I am also not sure as to the Professional regulation of the podiatrist / dental hygienists the GMC/GDC & NMC have a central role in professional regulations and a mechanism for protecting the public - as stated earlier they can caution and also "strike off " professionals - does that hold true to the others and do their professional regulatory body have a view on their profession providing "Cosmetic Services"? It would be good to have a representation from those bodies on this issue.

I am surprised to hear that there are Drs practising ".. that have not seen a university or done any CPD since qualifying from med school, ..., and most never even completed F1 or F2 status" as stated by a respondent, the GMC would be interested to know who these individuals are; if a Dr has not completed F1 a or F2 status they would not be able to be fully registered by the GMC and the current framework of yearly appraisal and revalidation would make it difficult if they were not completing their CPD requirements - the RCN is also setting up such a process for its profesional members. It would beg the question once again if the other "practitioners" are also undergoing a whole practice appraisal.

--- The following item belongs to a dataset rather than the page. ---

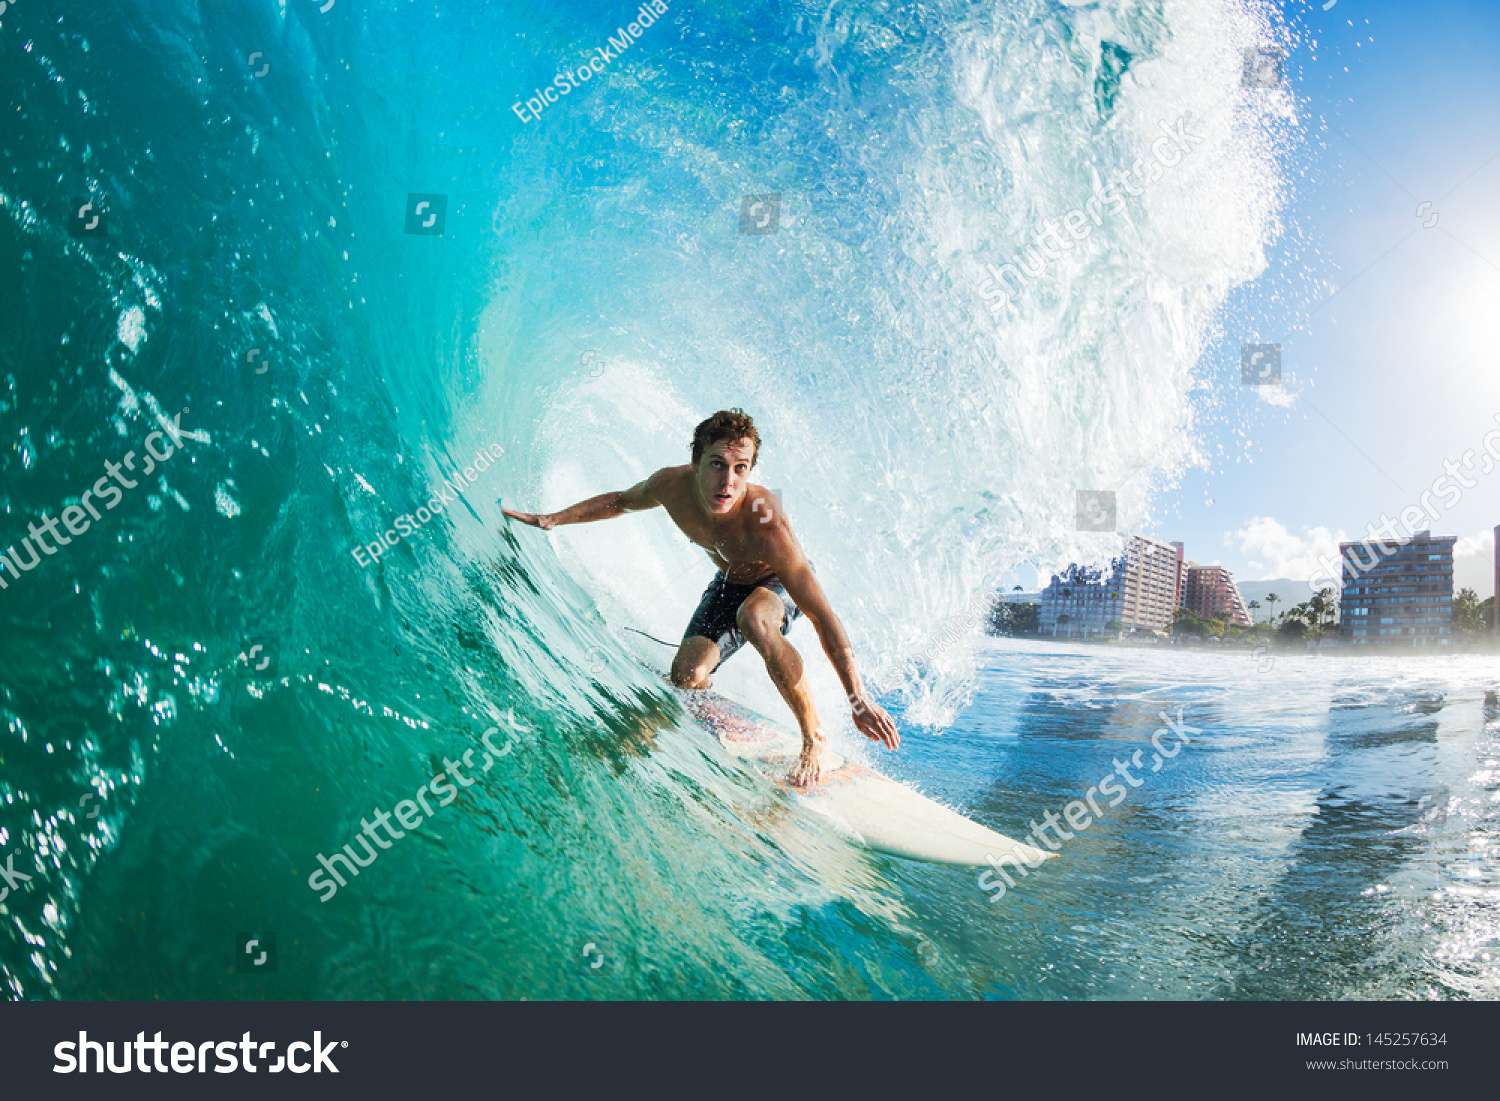 Surfer on Blue Ocean Wave Getting Barreled #145257634

An issue is that anyone can be trained to inject - what is required is getting the correct patient , with the correct product, treated by the correct person in the correct place.. get that right and all aspects of patient care, outcome and safety is addressed. We already have regulatory bodies GMC/ GDC/ NMC that have processes that identify those who have obtained the appropriate qualifications to treat patients - we should support and strengthen those bodies views on cosmetic practice.